The controls for the game work well and not-so-well at the same time. First, let’s talk about PlayStation TV Optimization! When you play on the PSTV, all of the touch screen functions are redirected to the extra controller buttons, like calling your horse with L2 or pulling up the Strategems menu with R2. There are even some features that use the L3 and R3 buttons. Tecmo did an excellent job at optimizing the game for play on the micro-console.
Now, let’s talk about the other controls. Moving around is done with the Left Analog Stick and moving the camera with the Right Analog Stick. The D-Pad issues commands to your AI Team Members. The X Button is used to jump and interact with objects, like your horse or ladders. Square is used for light attacks and Triangle for Heavy Attacks. Circle is used for Musou attacks when your gauge is filled. Finally, the L trigger is used for blocking and strafing, and the R trigger can swap what weapon you’re using.

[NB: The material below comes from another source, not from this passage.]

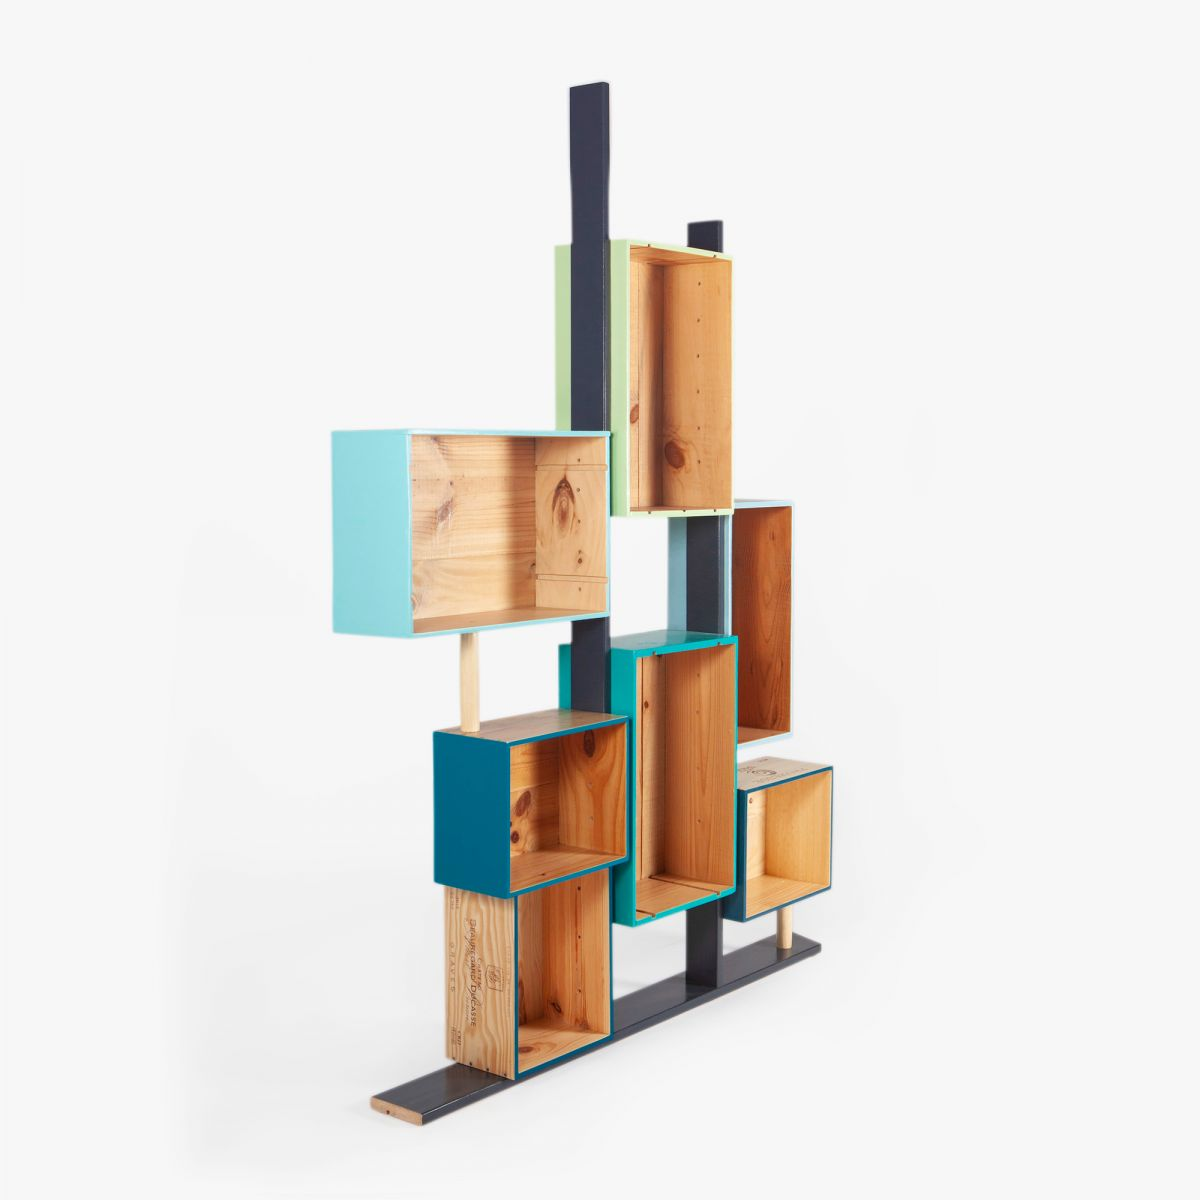 etagere bibliotheque caisses bleu vertes design bois massif

The touch screen handles everything else. Pulling up and using Strategems, calling your horse, activating Rage Mode. All of that is done with the touch screen. That’s where we run into problems. Empires’ touch controls aren’t what I would call well-optimized. Calling your horse reacts well on the bottom-right of the screen. However, opening and using Strategems is hit-and-miss. I can tap the same area a dozen times before it will go into effect. The game just isn’t very good at recognizing those touch commands.
The presentation is the biggest problem people had with the last Dynasty Warriors PS Vita game. Visually, Empires doesn’t look bad, but it also doesn’t look great. The world is colorful, but it’s very clear that there’s a lot of detail left out of the PS Vita release. When you see rivers, they just look like painted blue colors. They do show light, but they don’t react at all when you enter them. I won’t call it the worst-looking Vita games, but it’s nowhere near the best.
Performance is the other thing. Xtreme Legends had game-breaking frame issues in some area. It had areas where the frame rate would drop below 10 fps and would make the game completely unplayable. Empires is not completely free of frame drops. They are there from time to time, normally in certain areas of stages. While some of them do drop down pretty far, they never drop down to the point of making the game unplayable. They become an annoyance, but nothing to completely ruin your experience.
The odd thing about the frame-rate is that the game tends to have more problems managing cutscenes than it does gameplay. All cutscenes reflect your character and the costume/armor they’re wearing and the game doesn’t play this very smooth at all. Most of the time, this is far worse than the frame drops in gameplay
The rest of the performance is really nice. Load Times never exceed 5-6 seconds and the game has a stellar soundtrack. One thing you may want to know is that the voice work is in Japanese with English subtitles. I know many people wanted to switch to this when Xtreme Legends had an English Dub by default, so you don’t have to worry about that this time around.